# First fancy Fjord mane design!



## xlionesss (Jan 30, 2012)

wow that is very cool!


----------



## Kayella (Feb 11, 2012)

Oh gosh, she needs to start her own rock band! How cute!
_Posted via Mobile Device_


----------



## morganarab94 (May 16, 2013)

Awesome!!!


----------



## smrobs (Jul 30, 2008)

Very nice! Love the Fjordy haircuts


----------



## SlideStop (Dec 28, 2011)

I saw someone had done hearts one time.
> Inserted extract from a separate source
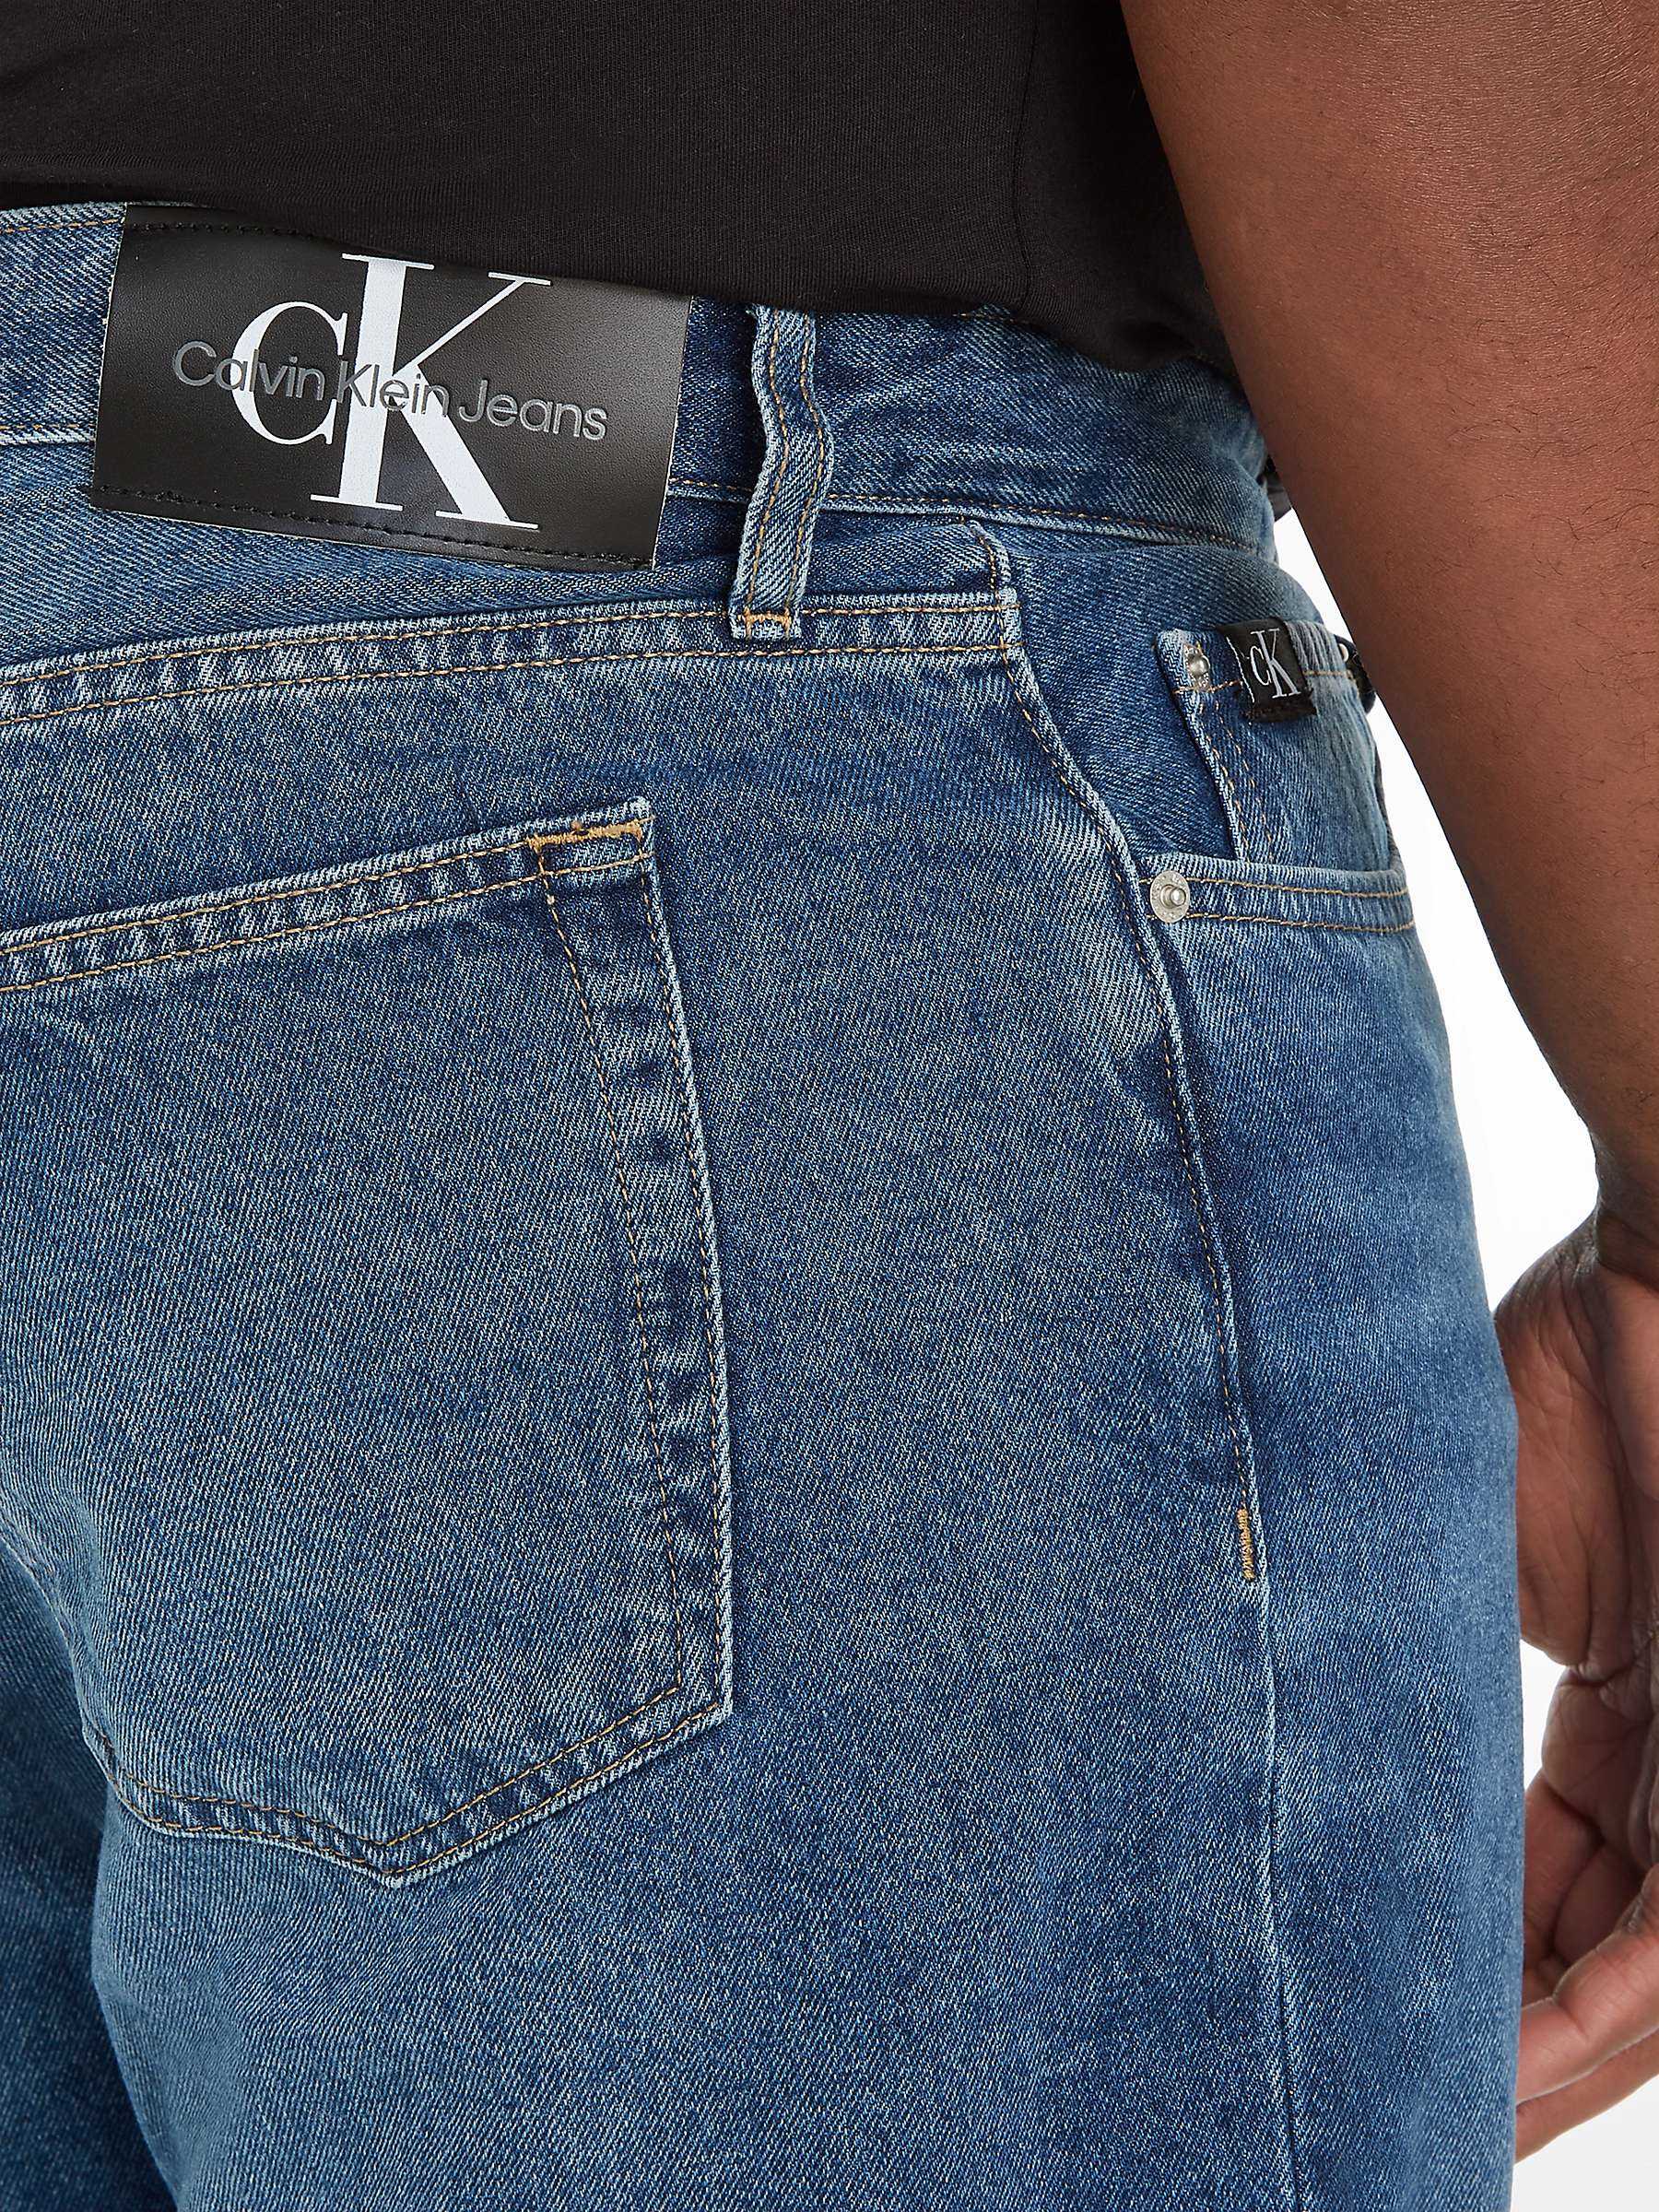 Buy Calvin Klein Jeans Slim Tapered Jeans, Denim Dark Online at johnlewis.com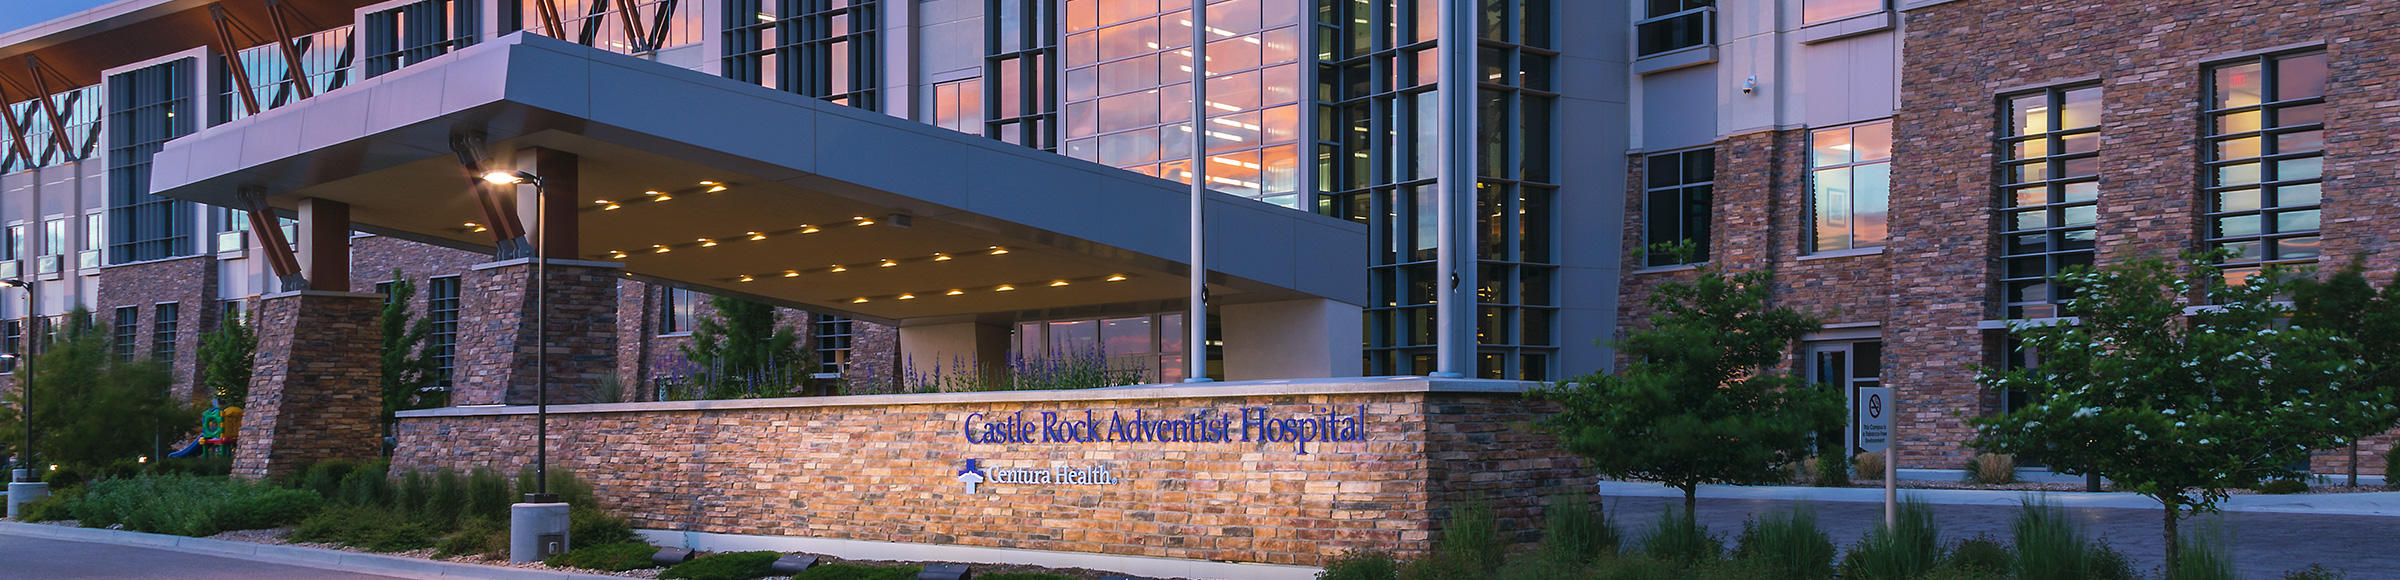 Castle Rock Adventist Hospital Photo

That looked really cool!
_Posted via Mobile Device_


----------



## RivendellNative (Feb 24, 2013)

That's so neat!


----------



## Golden Horse (Feb 20, 2010)

Nice job


----------



## Red Gate Farm (Aug 28, 2011)

Well isn't that unique!


----------



## waresbear (Jun 18, 2011)

Wicked! Shark tooth do!


----------



## rideverystride (Jul 19, 2013)

That's really cool .


----------



## Oldhorselady (Feb 7, 2012)

THAT is awesome!!!


----------



## my2geldings (Feb 18, 2008)

Love it! makes me jealous none of my horses can have that! :lol:


----------